---------- GIVEN MATERIAL

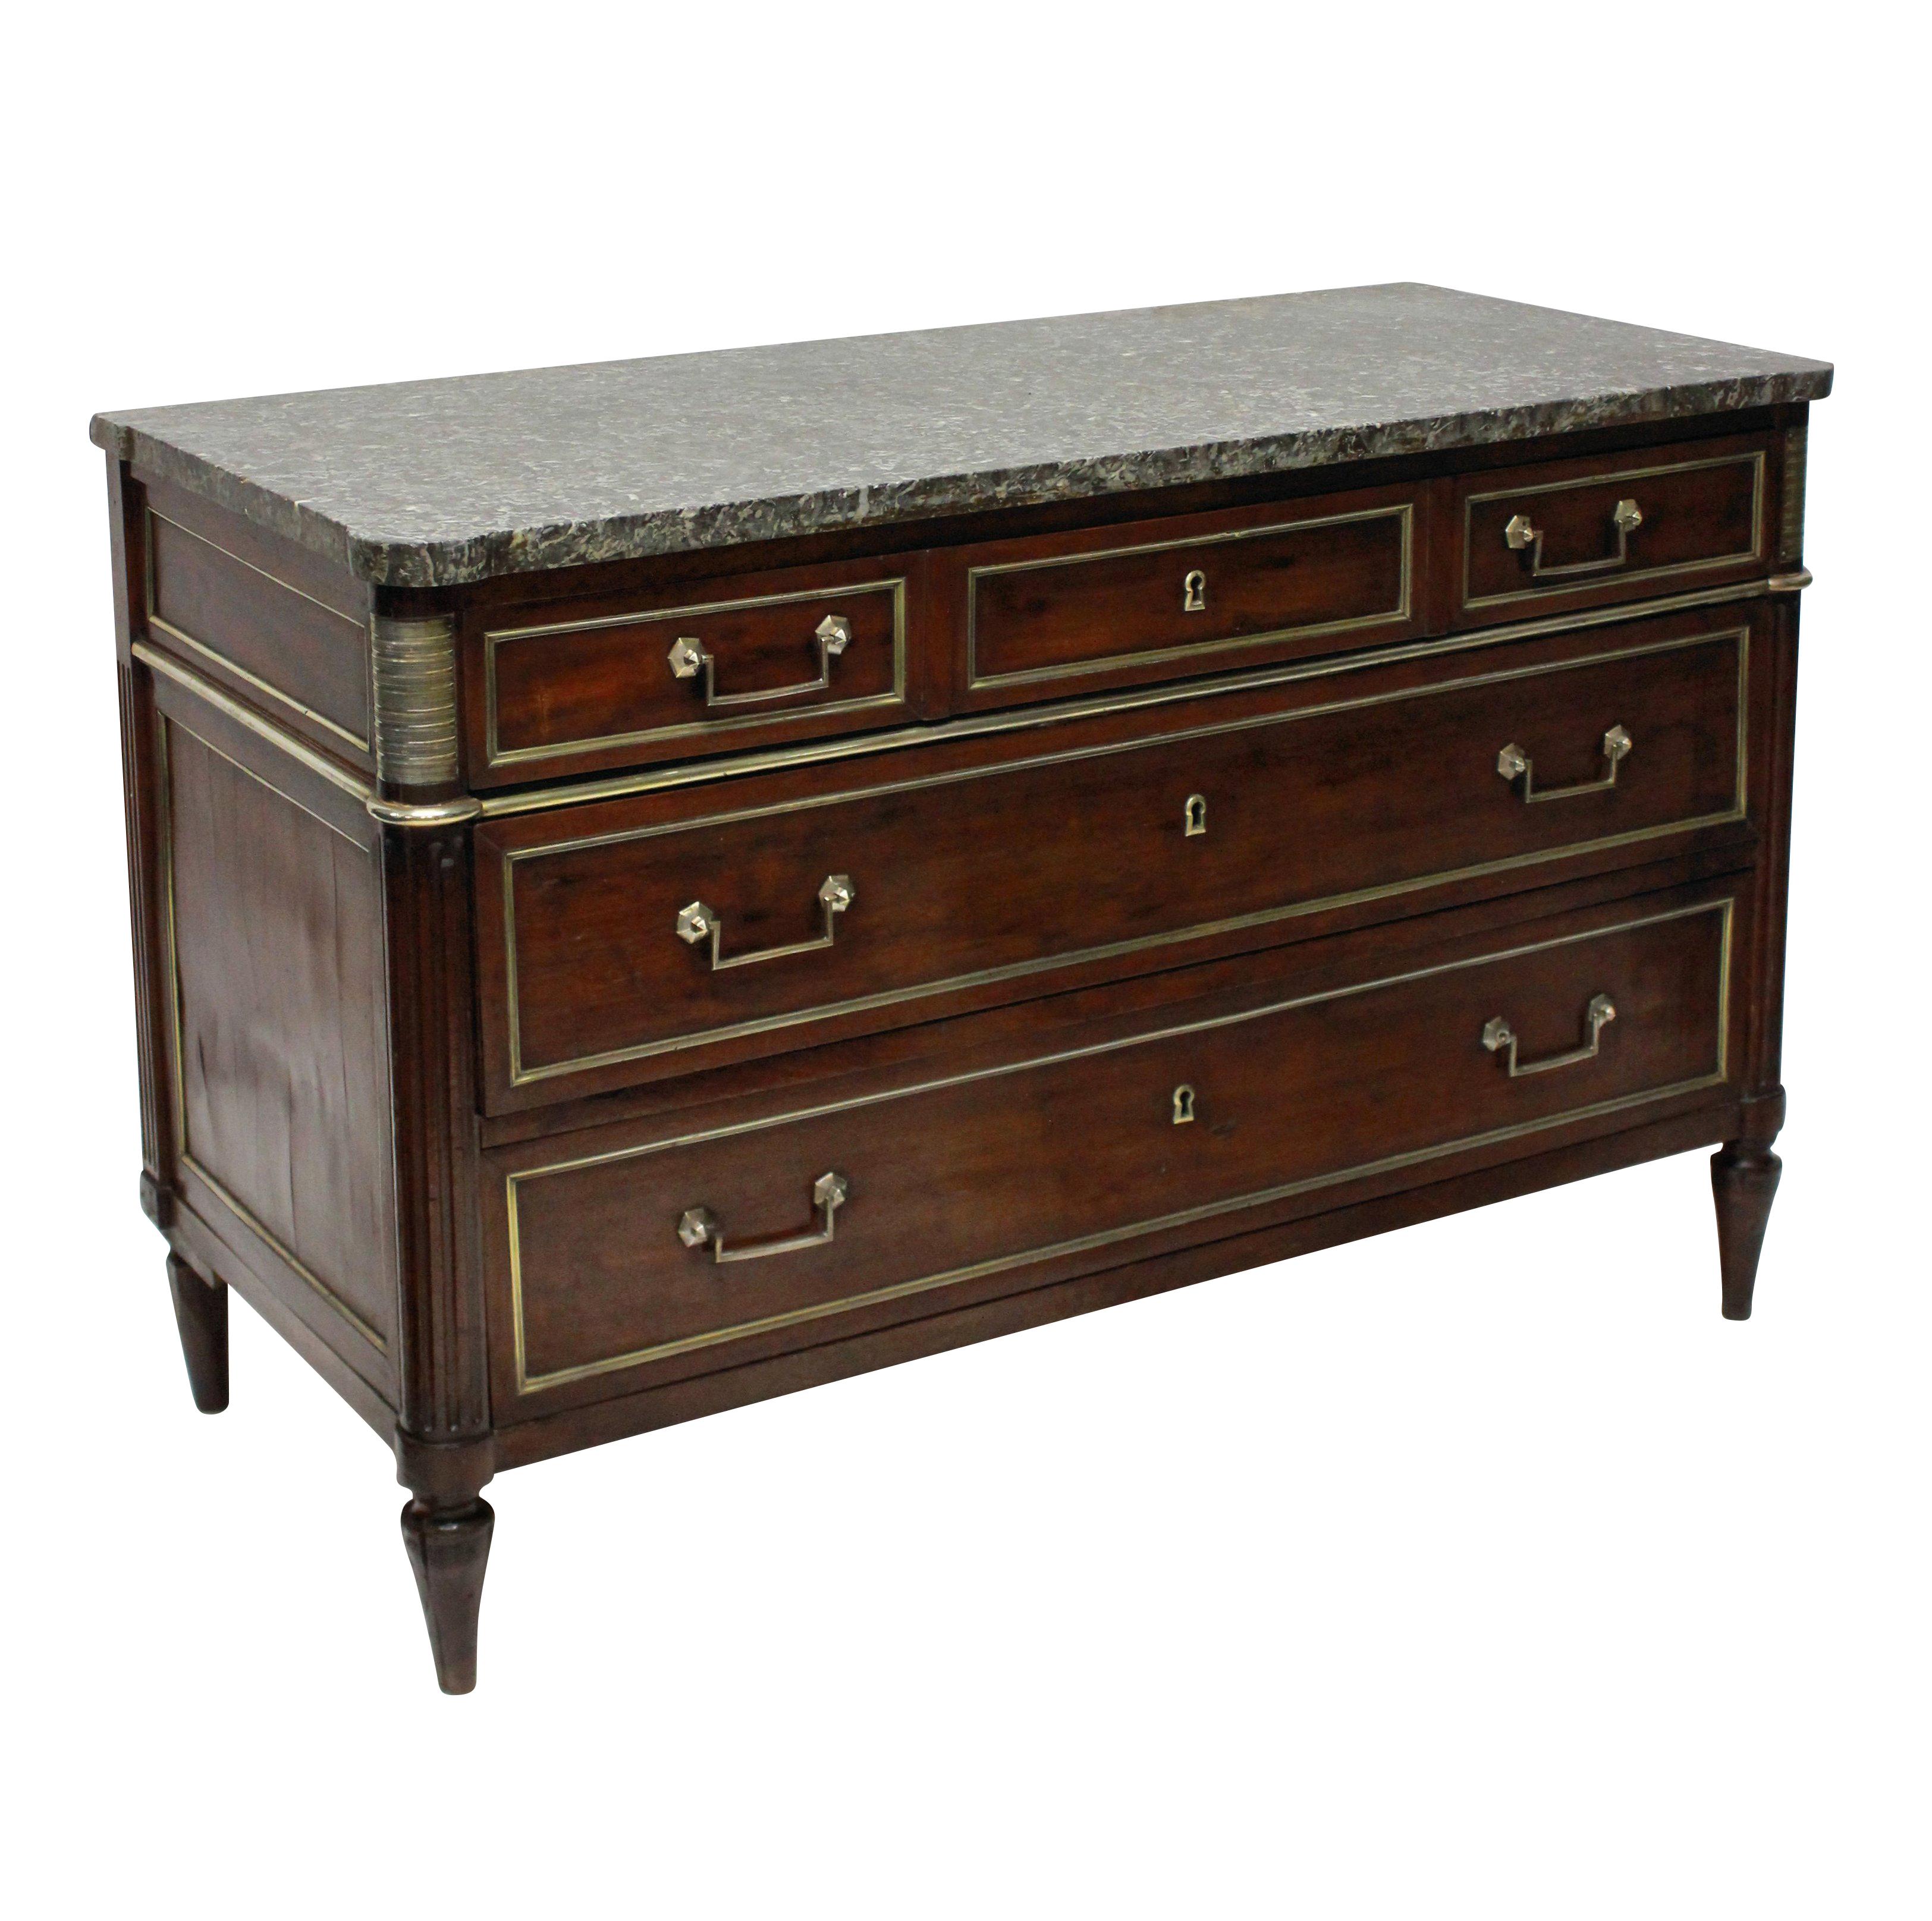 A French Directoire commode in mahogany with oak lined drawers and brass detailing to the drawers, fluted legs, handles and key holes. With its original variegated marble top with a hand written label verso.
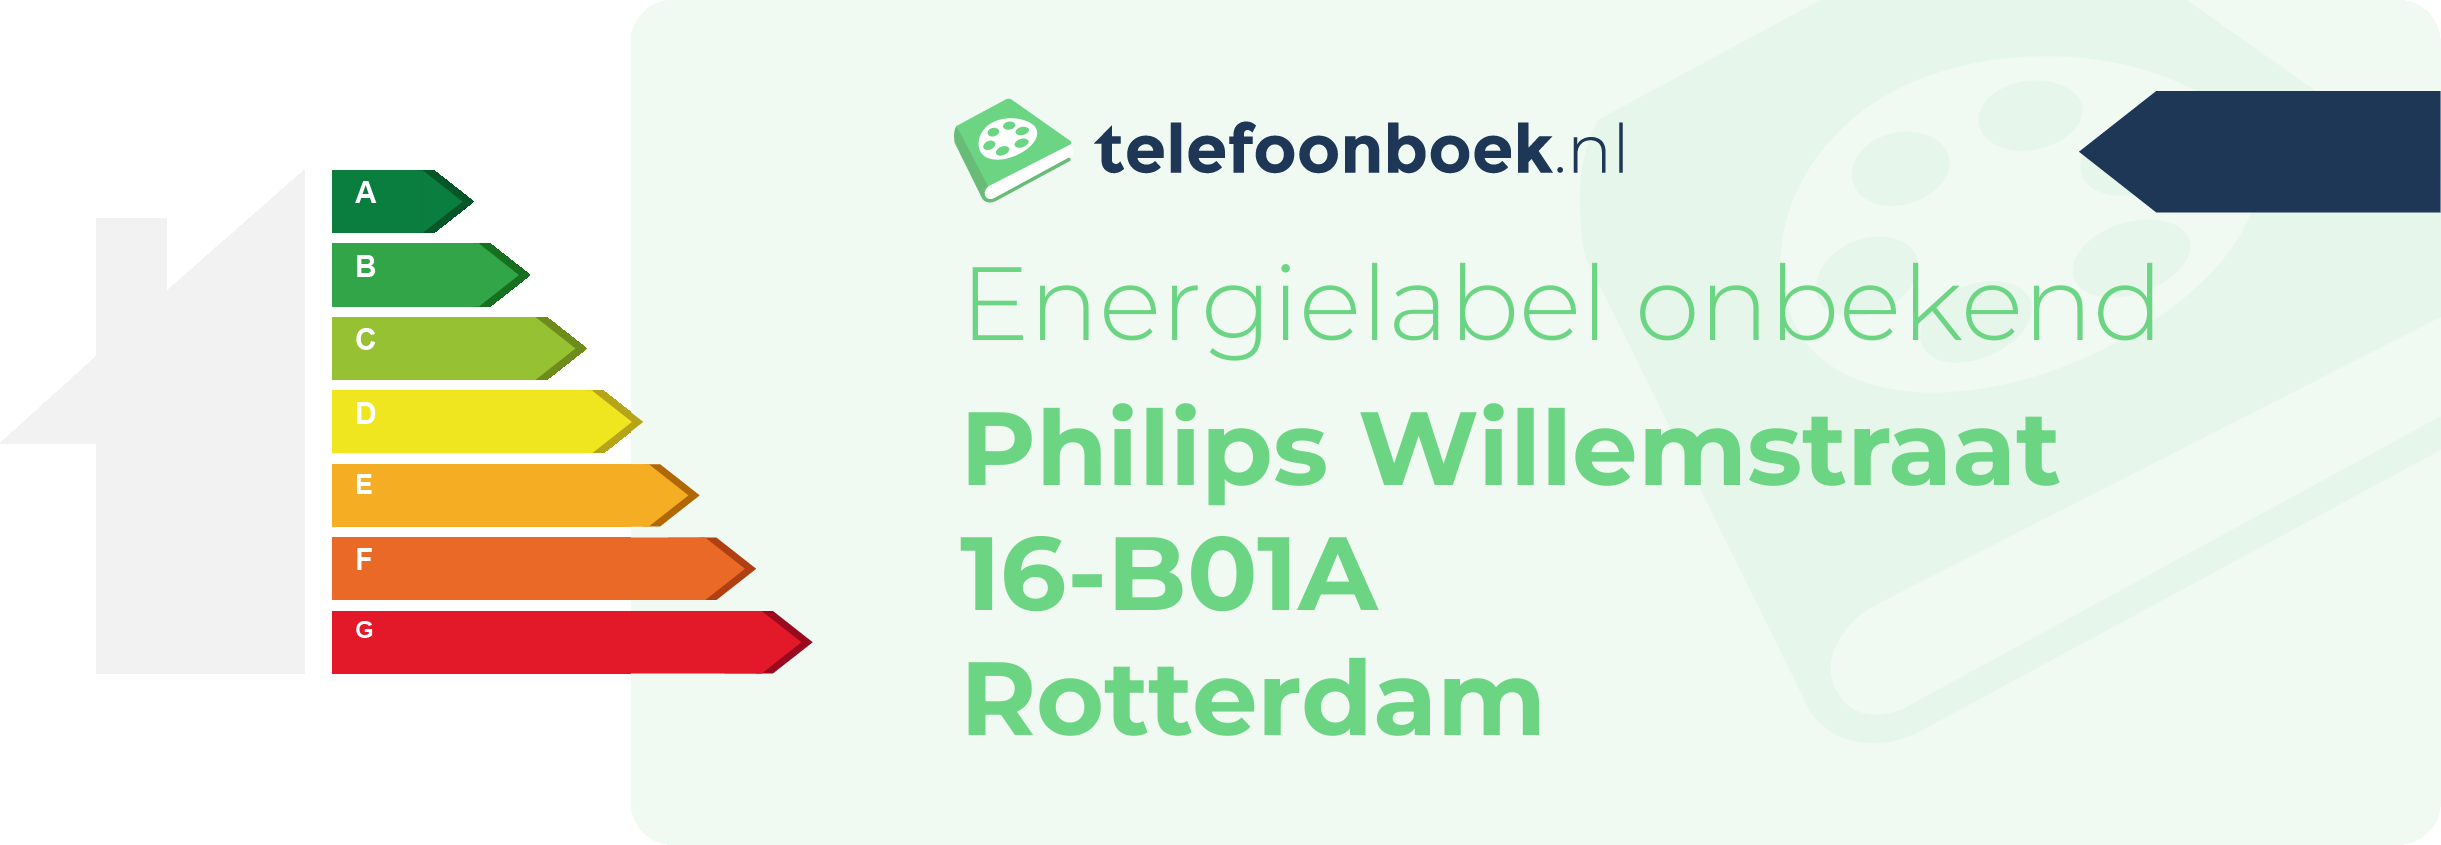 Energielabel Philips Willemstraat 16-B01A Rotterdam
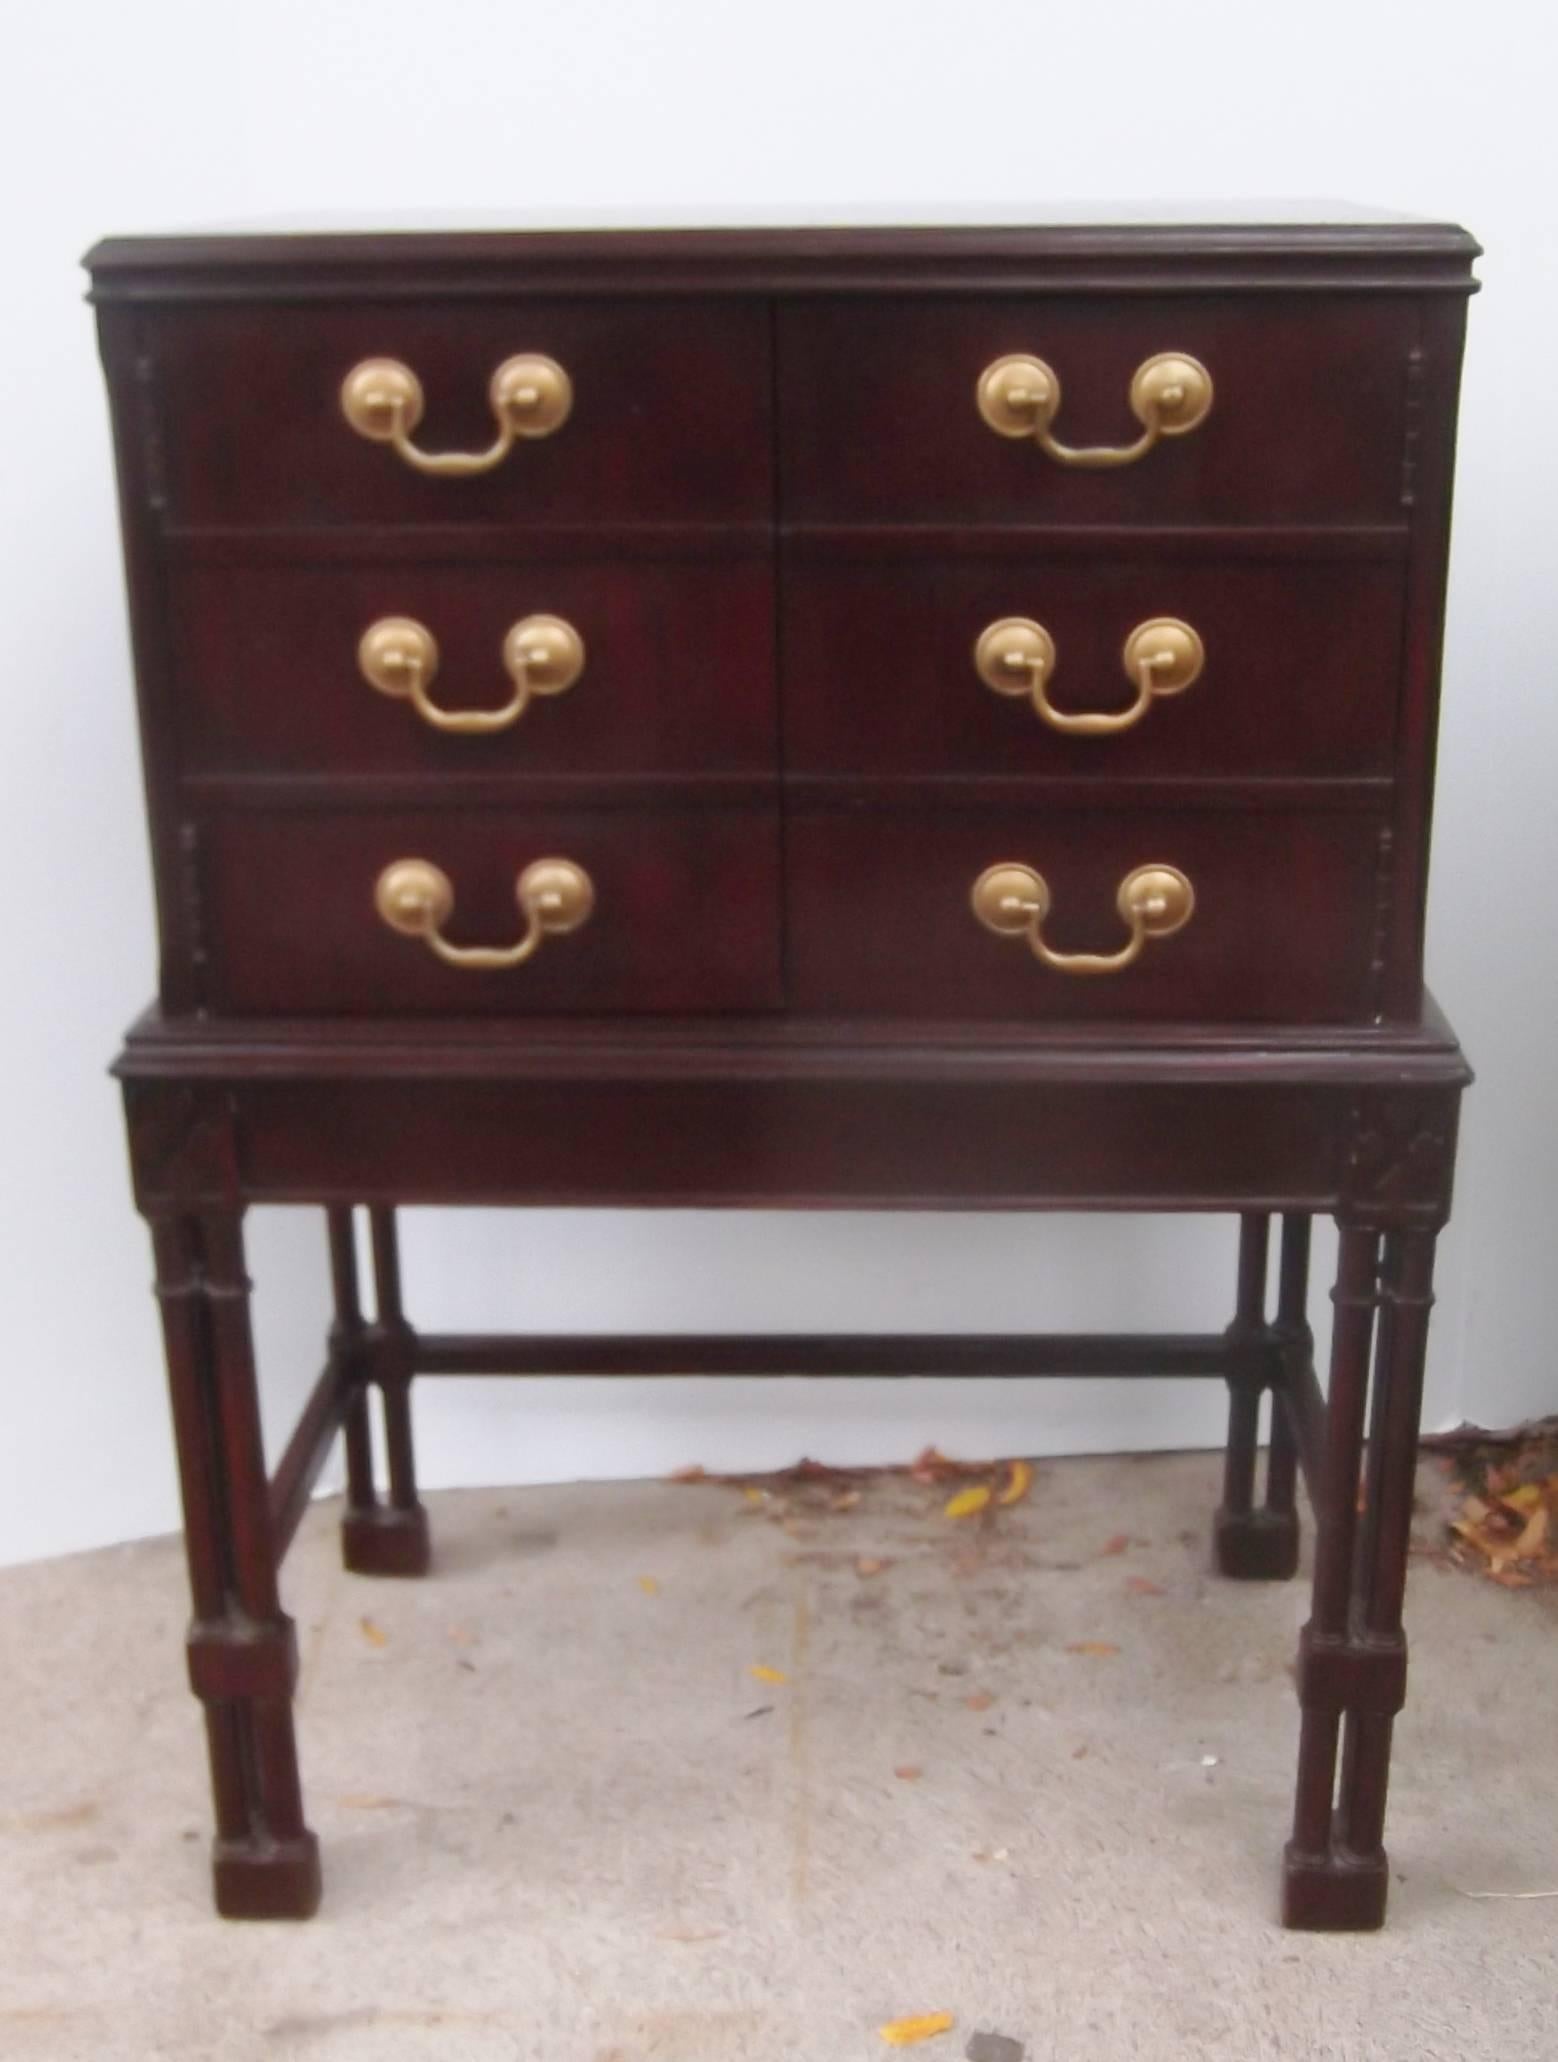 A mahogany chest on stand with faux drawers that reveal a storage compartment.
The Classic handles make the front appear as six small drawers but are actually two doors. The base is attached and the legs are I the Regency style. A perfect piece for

--------------------

The whole listing, minus its images, should be repeated exactly.

 A French Directoire commode in mahogany with oak lined drawers and brass detailing to the drawers, fluted legs, handles and key holes. With its original variegated marble top with a hand written label verso.
 Energielabel Philips Willemstraat 16-B01A Rotterdam
 A mahogany chest on stand with faux drawers that reveal a storage compartment.
The Classic handles make the front appear as six small drawers but are actually two doors. The base is attached and the legs are I the Regency style. A perfect piece for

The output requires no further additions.